▶ _Exercise aim_
Output word for word the lines from the one with "u003c Auctions ..." to the final line of the data, both ends included, but skip the pictures.

*** Material provided ***

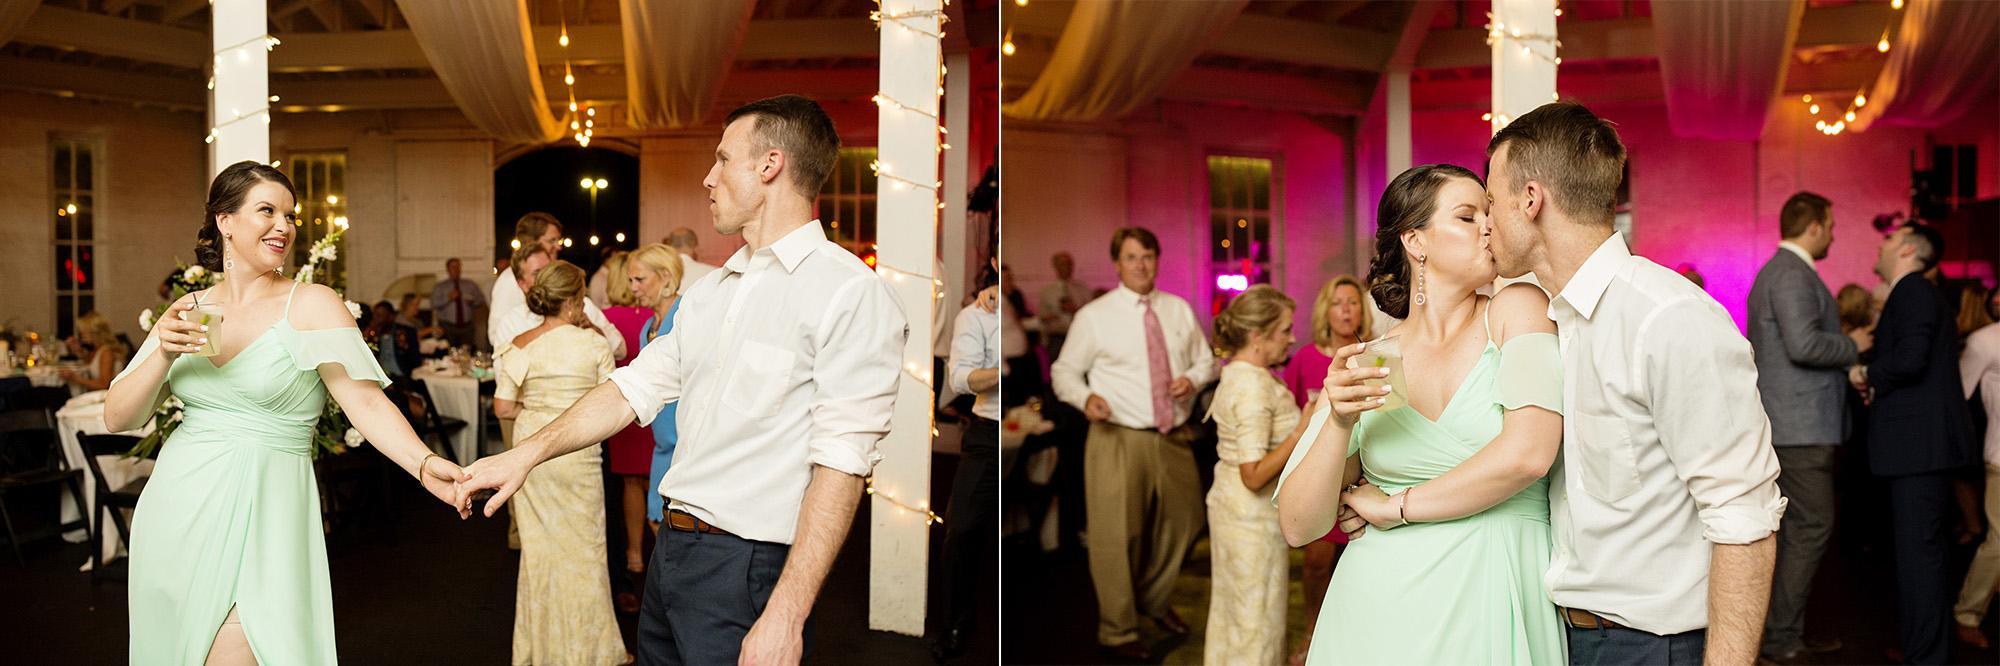 Seriously_Sabrina_Photography_Lexington_Kentucky_Pax_Christi_Round_Barn_Wedding_Beath_133.jpg
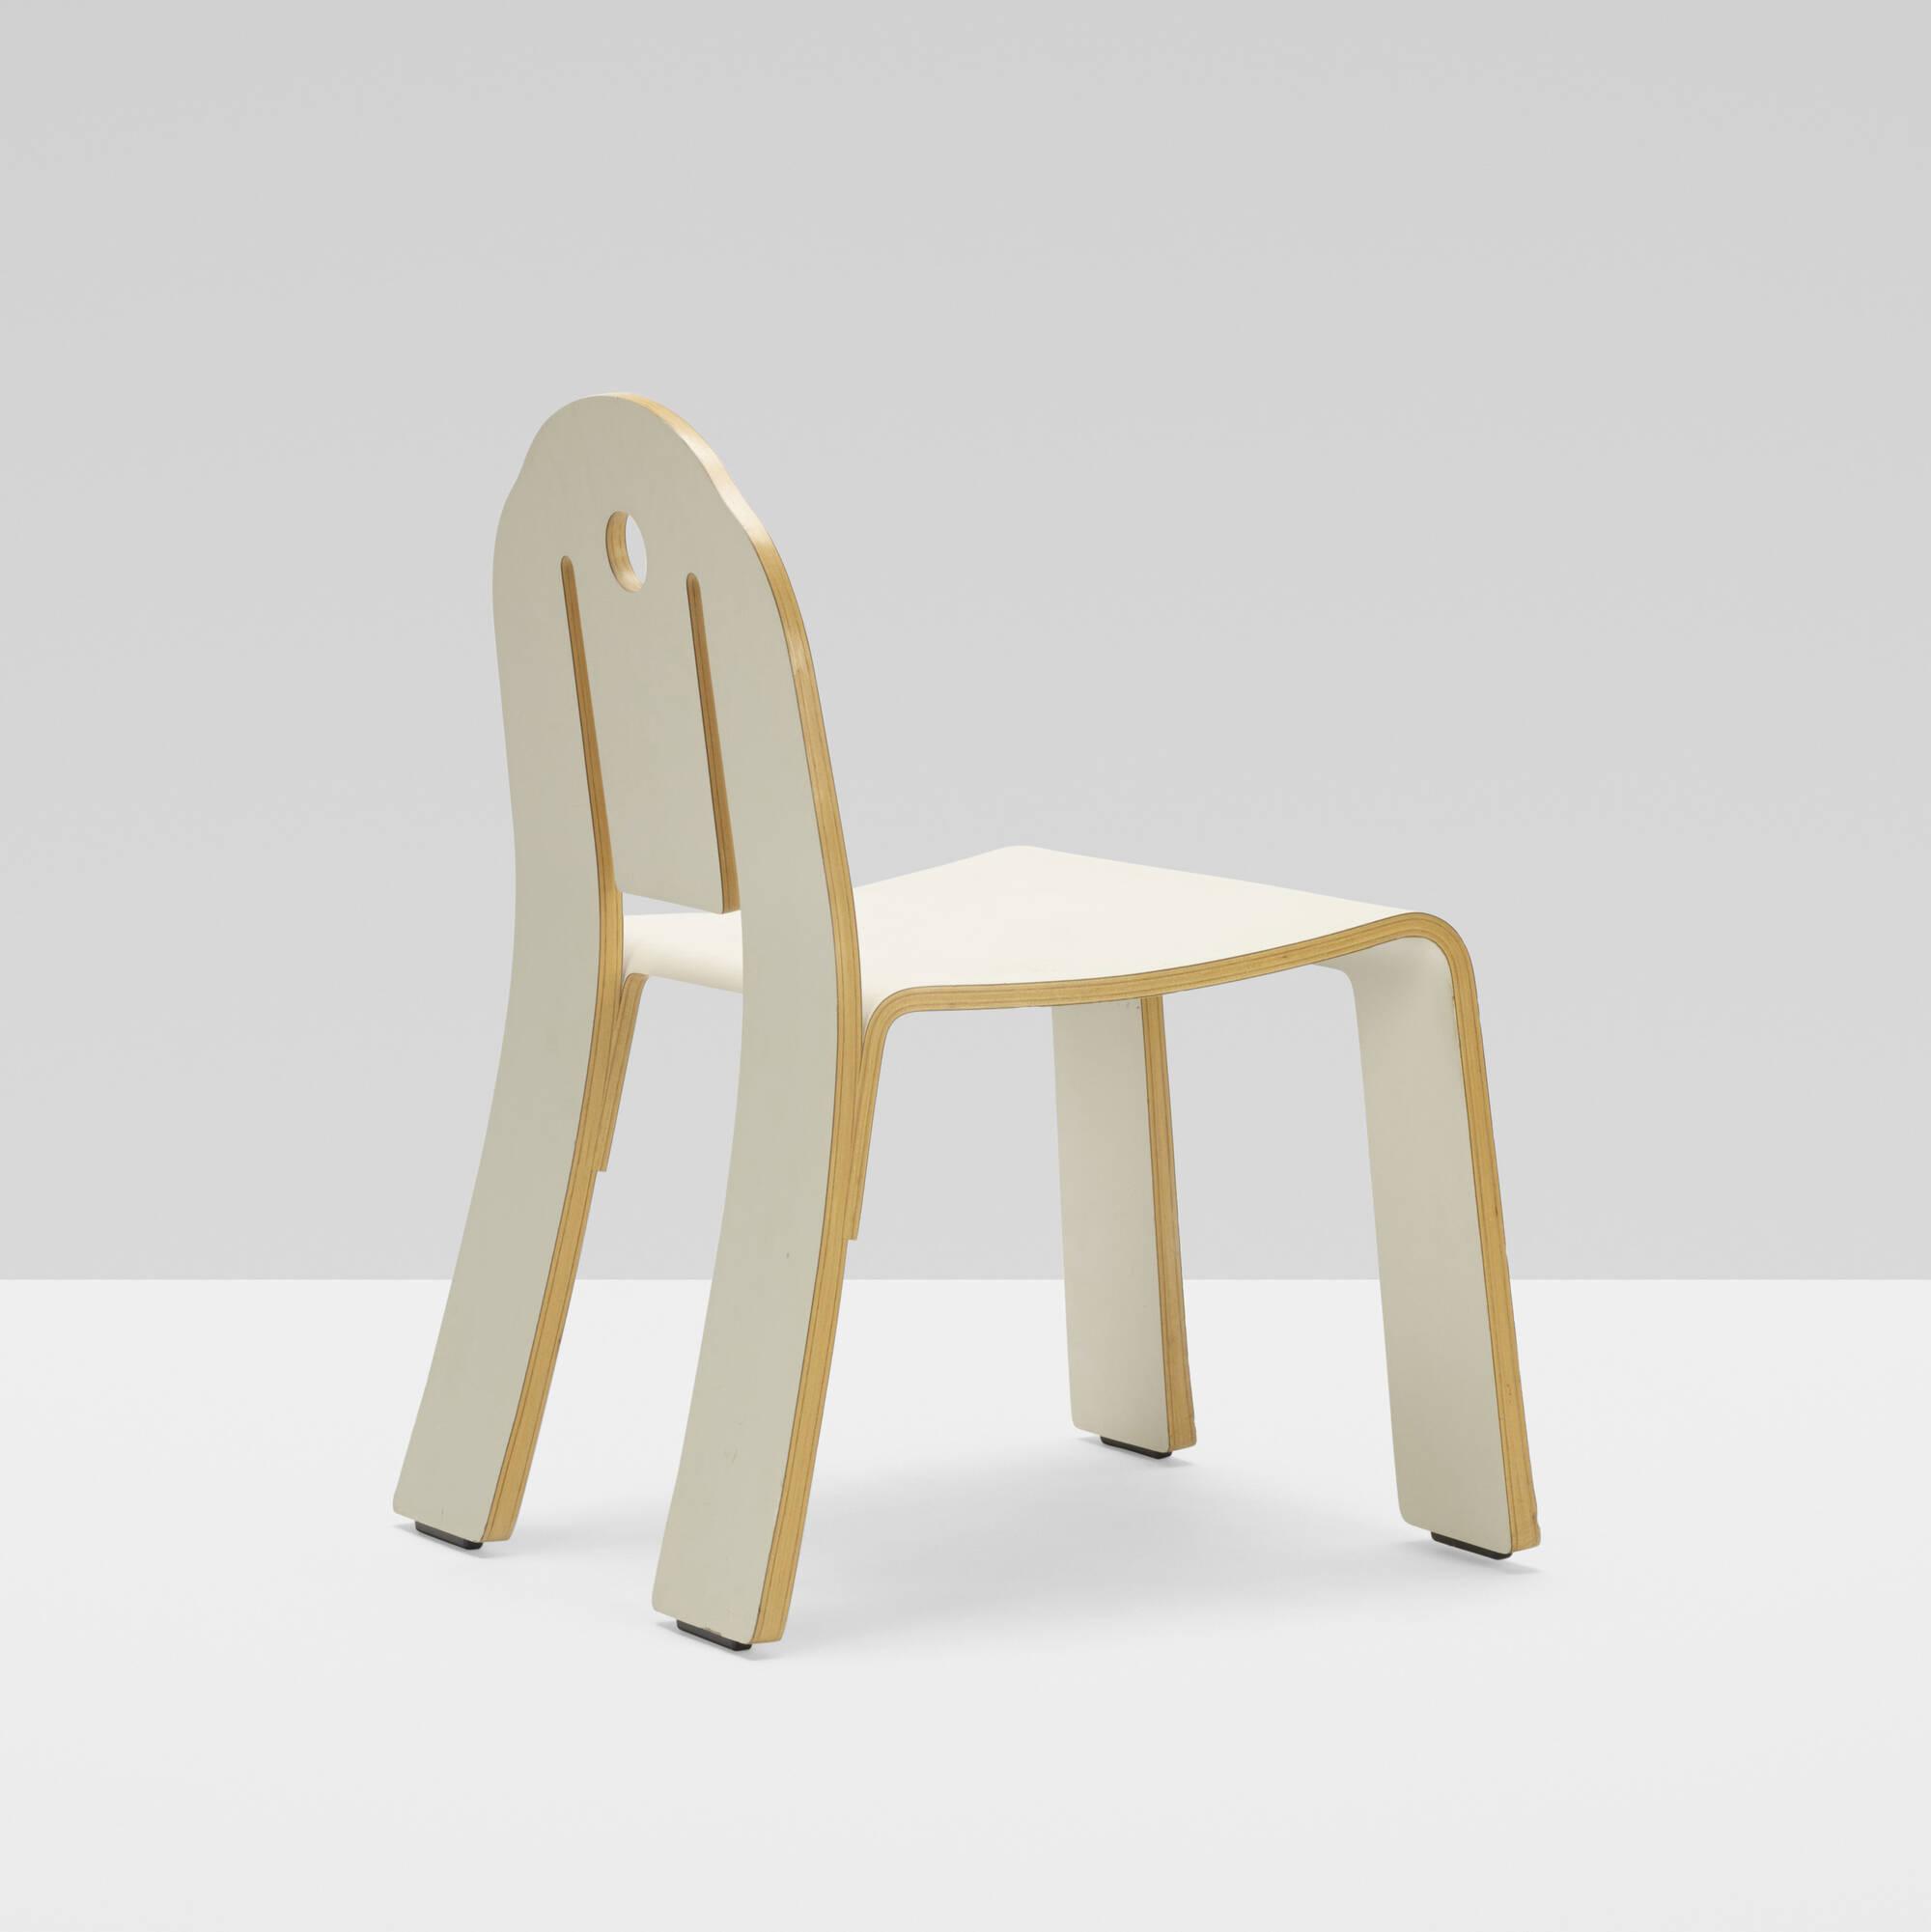 ... 284 Robert Venturi / Art Deco chair (3 of 3) & 284: ROBERT VENTURI Art Deco chair u003c Design 9 June 2016 u003c Auctions ...
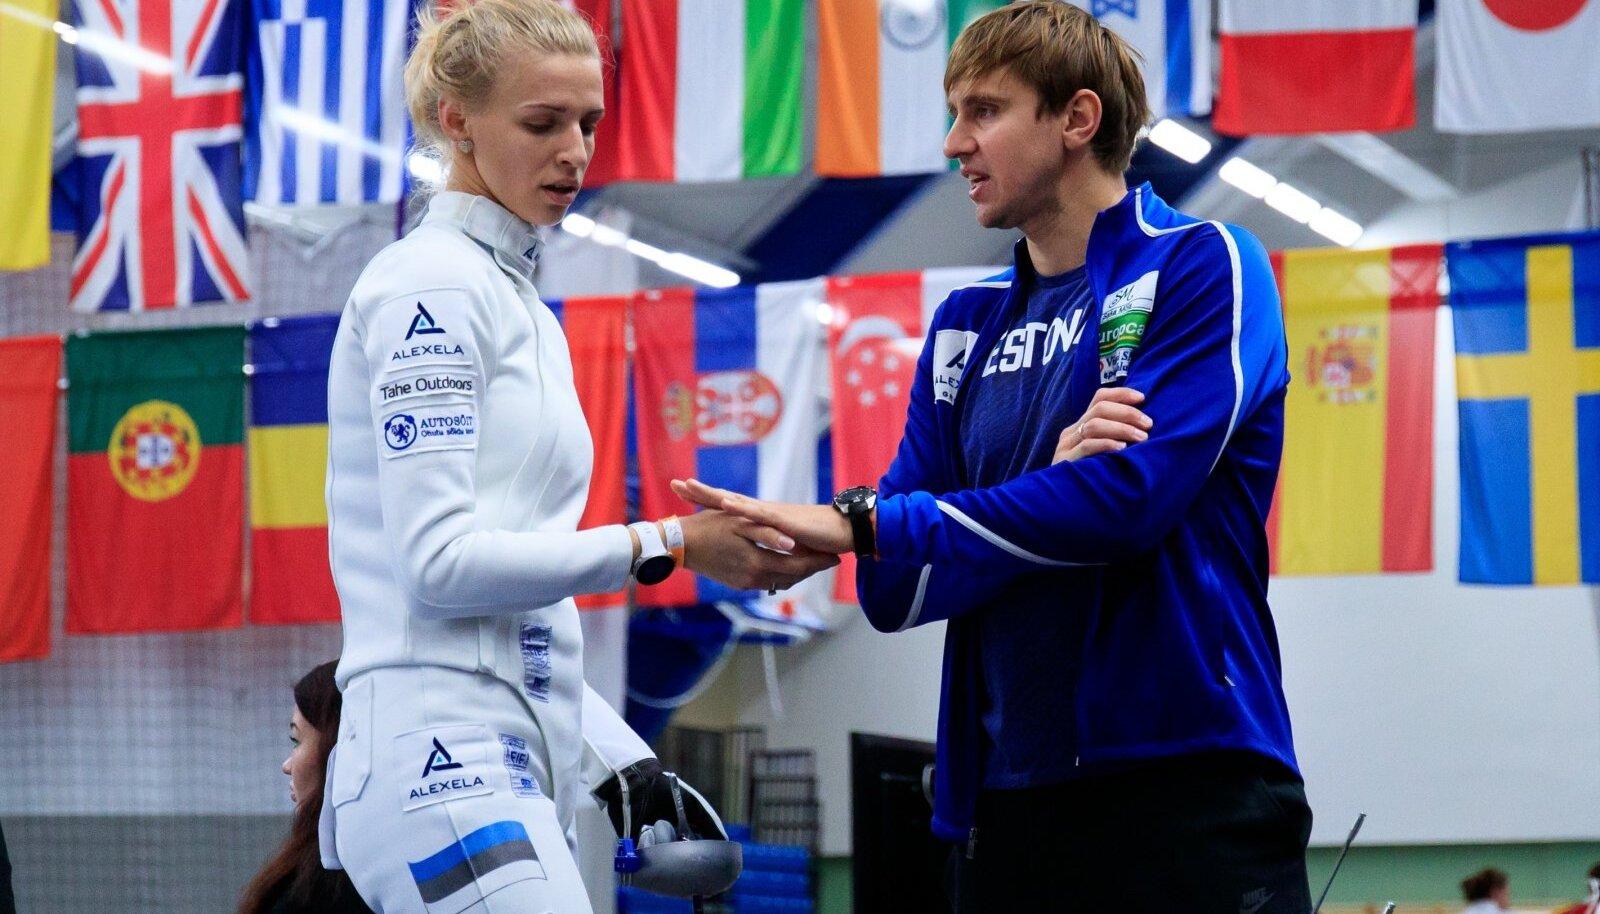 Katrina Lehis ja  Nikolai Novosjolov

***

▶ _Output below_
 ... 284 Robert Venturi / Art Deco chair (3 of 3) & 284: ROBERT VENTURI Art Deco chair u003c Design 9 June 2016 u003c Auctions ...
 Katrina Lehis ja  Nikolai Novosjolov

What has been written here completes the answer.